**PROBLEM DESCRIPTION**
Using the material below, repeat exactly the lines from the one with "Historische Abbildung von" through the one with "Pre-owned Celine Nano", ends included, without any images.

**INPUT**
# # #
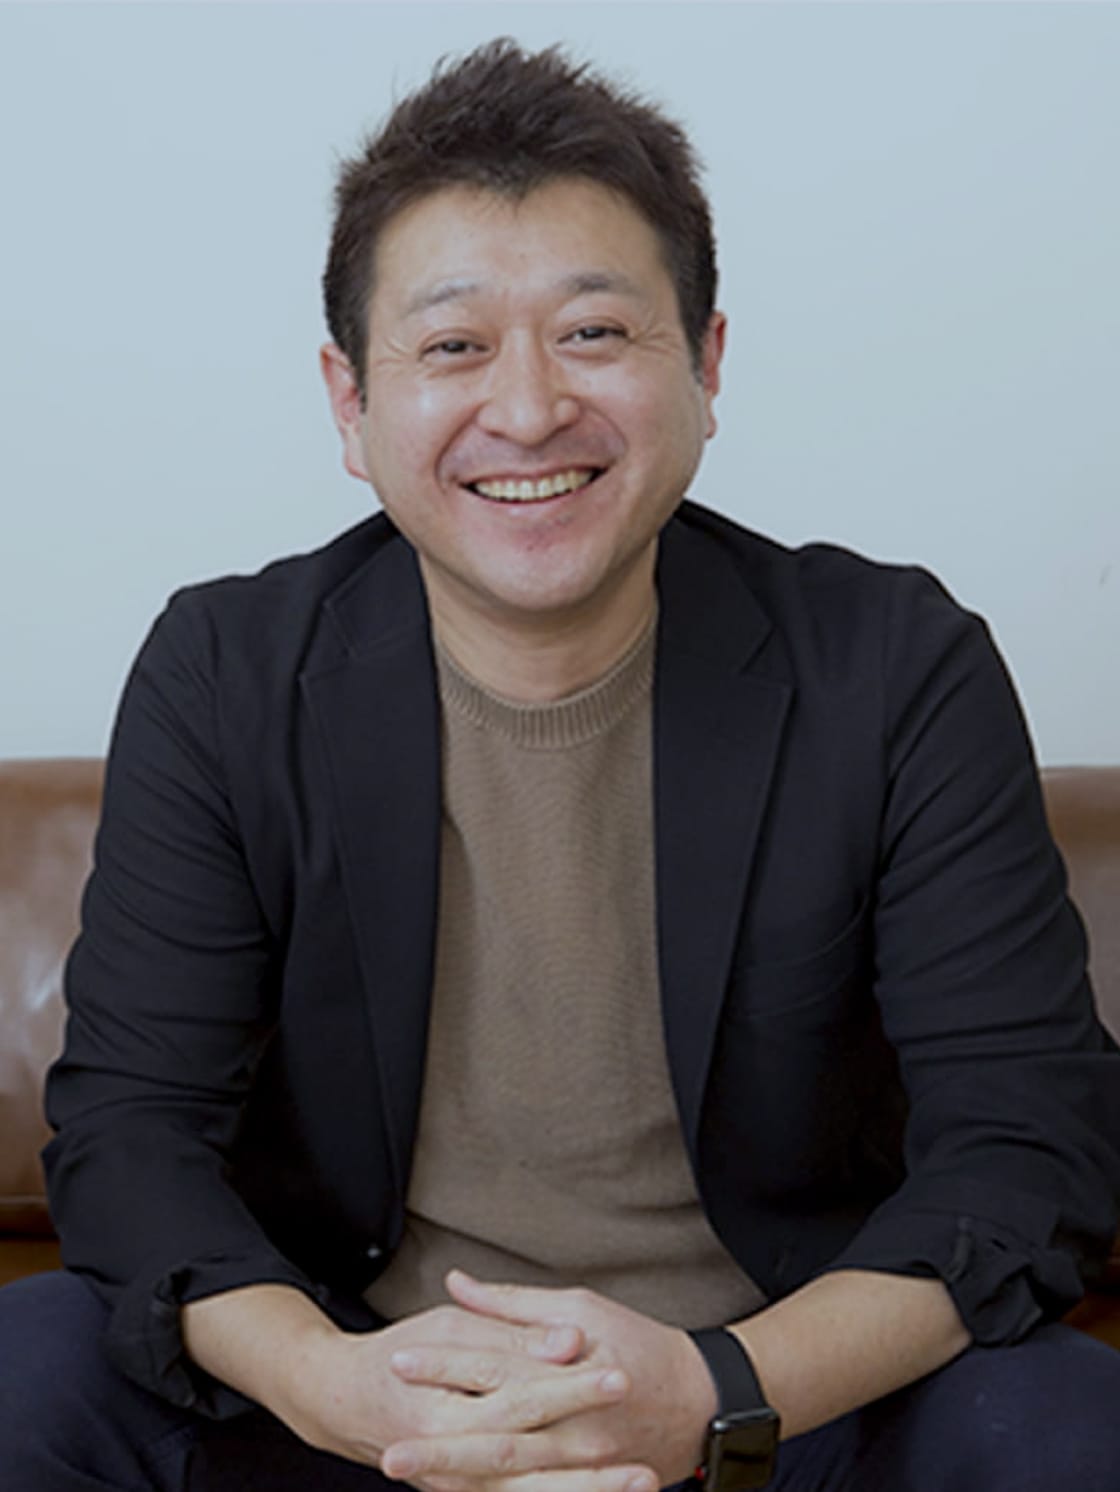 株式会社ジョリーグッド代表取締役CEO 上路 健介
# # #
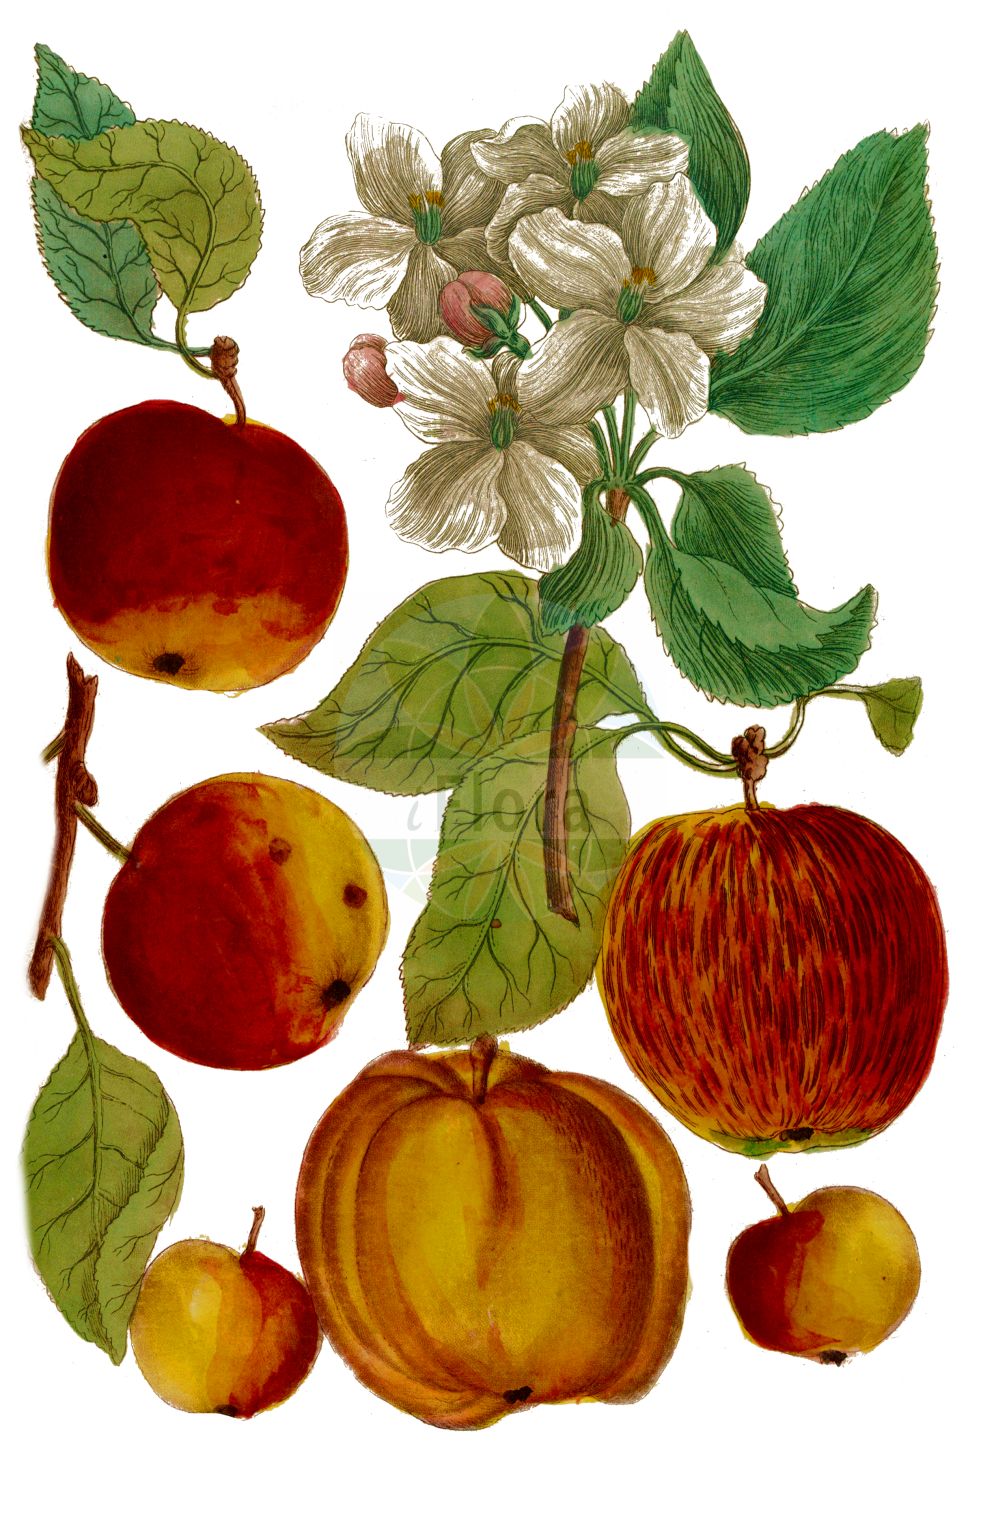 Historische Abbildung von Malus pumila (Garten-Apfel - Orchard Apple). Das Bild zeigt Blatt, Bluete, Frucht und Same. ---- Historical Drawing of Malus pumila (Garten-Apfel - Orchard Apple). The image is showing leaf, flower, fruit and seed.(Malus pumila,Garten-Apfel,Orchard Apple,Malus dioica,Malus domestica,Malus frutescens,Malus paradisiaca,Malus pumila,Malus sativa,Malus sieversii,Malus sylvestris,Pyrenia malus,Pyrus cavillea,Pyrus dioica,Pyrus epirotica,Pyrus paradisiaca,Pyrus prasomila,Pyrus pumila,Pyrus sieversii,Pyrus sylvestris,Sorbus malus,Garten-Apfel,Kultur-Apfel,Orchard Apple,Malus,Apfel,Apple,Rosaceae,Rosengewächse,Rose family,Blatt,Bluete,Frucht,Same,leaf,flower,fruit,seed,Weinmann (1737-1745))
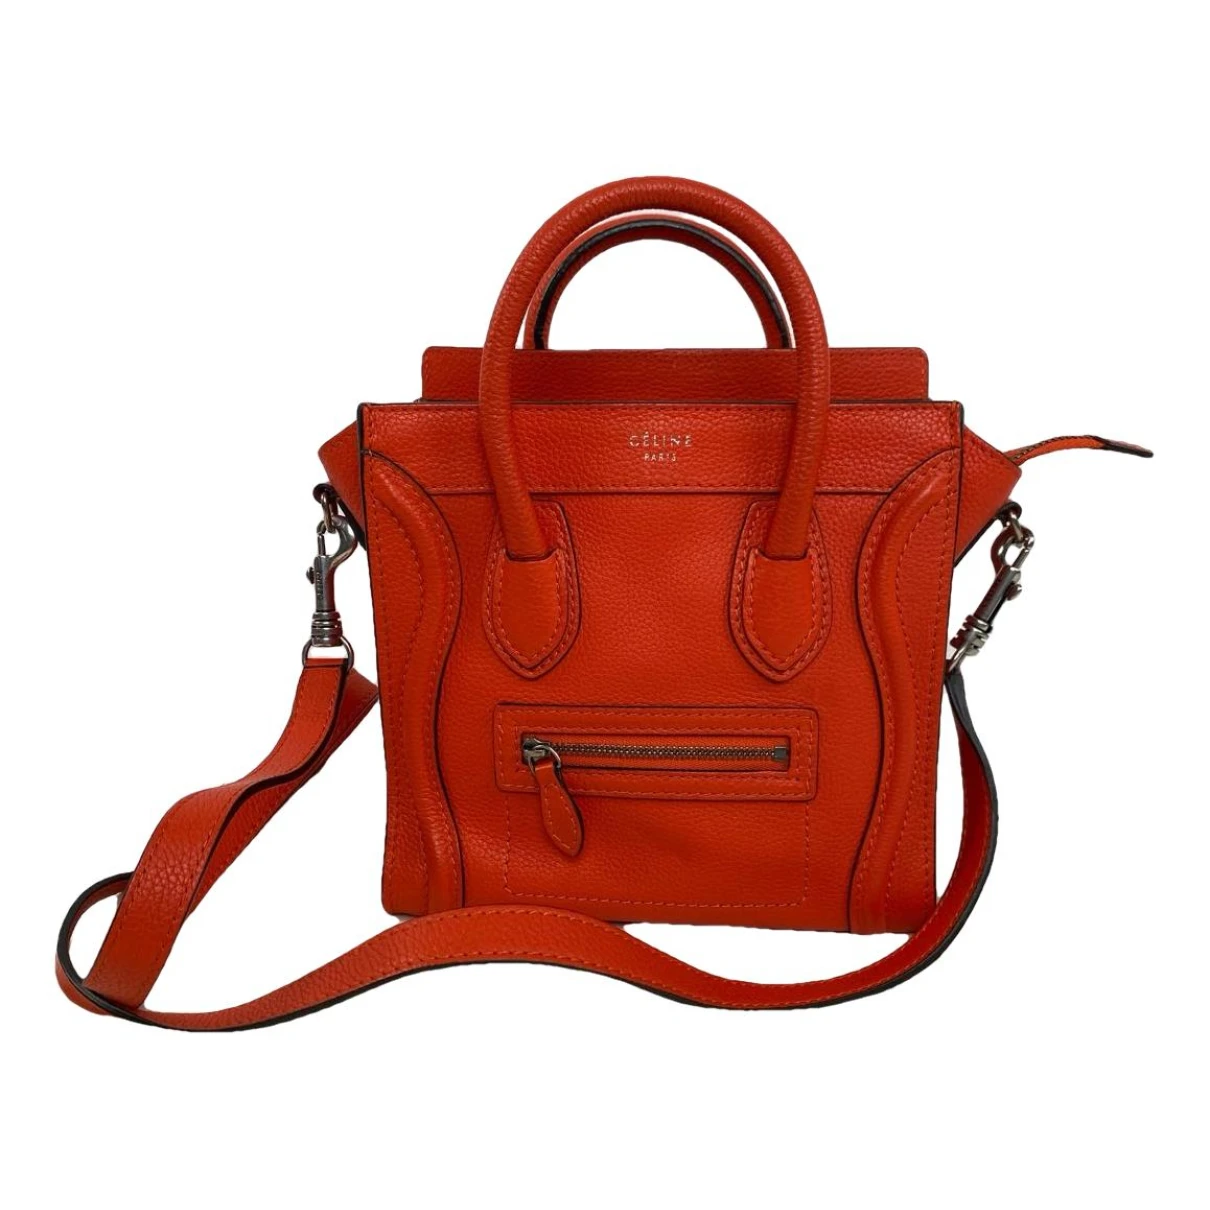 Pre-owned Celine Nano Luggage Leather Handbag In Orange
# # #
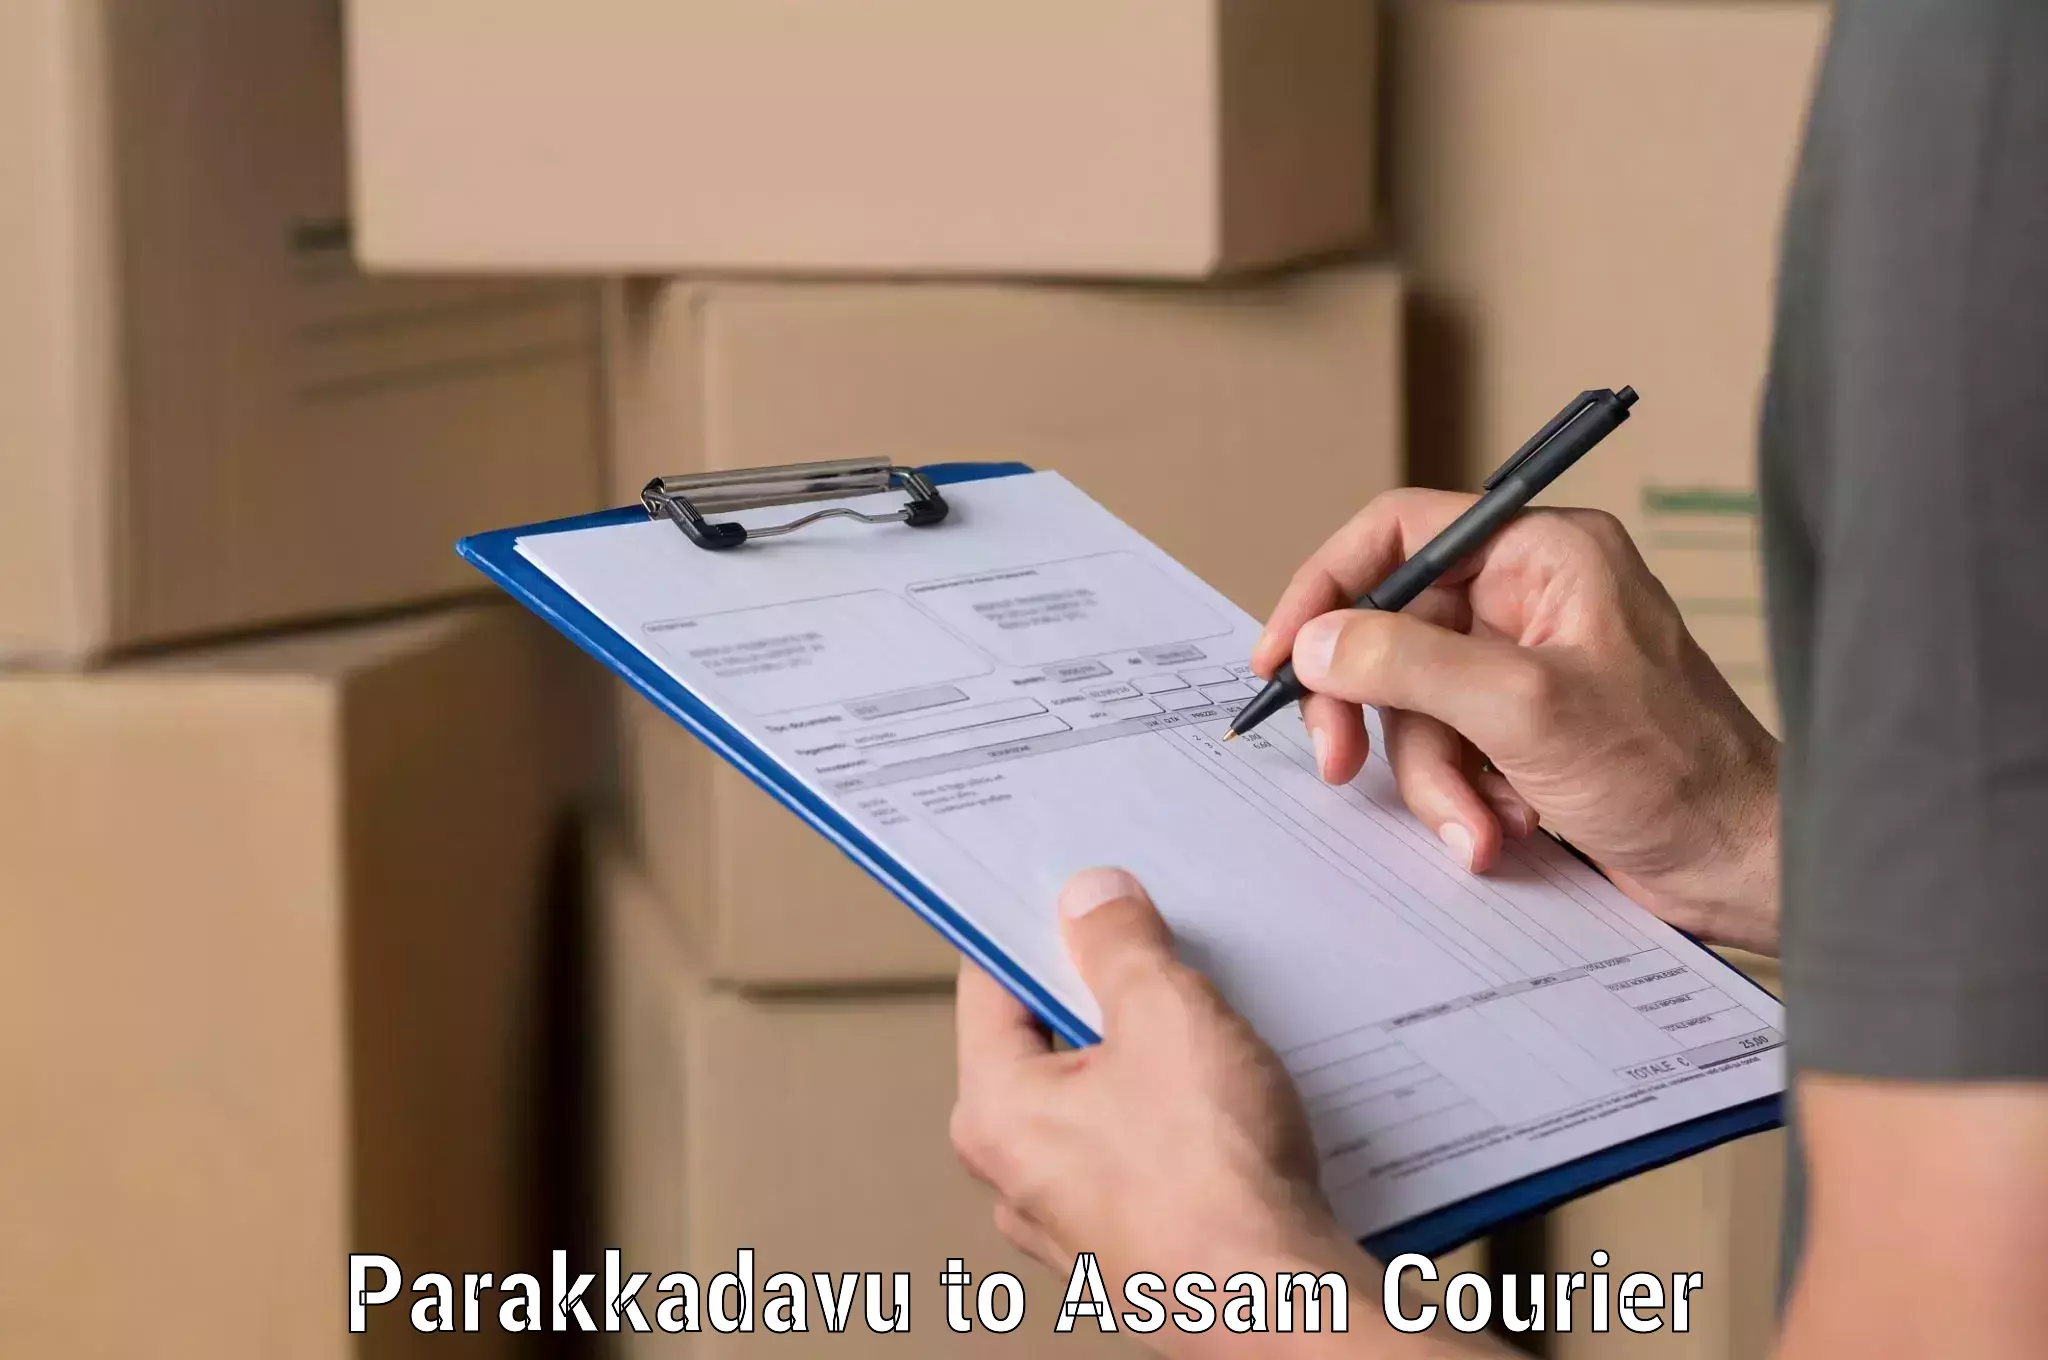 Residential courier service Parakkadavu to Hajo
# # #
**SOLUTION TO THE PROBLEM**
 Historische Abbildung von Malus pumila (Garten-Apfel - Orchard Apple). Das Bild zeigt Blatt, Bluete, Frucht und Same. ---- Historical Drawing of Malus pumila (Garten-Apfel - Orchard Apple). The image is showing leaf, flower, fruit and seed.(Malus pumila,Garten-Apfel,Orchard Apple,Malus dioica,Malus domestica,Malus frutescens,Malus paradisiaca,Malus pumila,Malus sativa,Malus sieversii,Malus sylvestris,Pyrenia malus,Pyrus cavillea,Pyrus dioica,Pyrus epirotica,Pyrus paradisiaca,Pyrus prasomila,Pyrus pumila,Pyrus sieversii,Pyrus sylvestris,Sorbus malus,Garten-Apfel,Kultur-Apfel,Orchard Apple,Malus,Apfel,Apple,Rosaceae,Rosengewächse,Rose family,Blatt,Bluete,Frucht,Same,leaf,flower,fruit,seed,Weinmann (1737-1745))
 Pre-owned Celine Nano Luggage Leather Handbag In Orange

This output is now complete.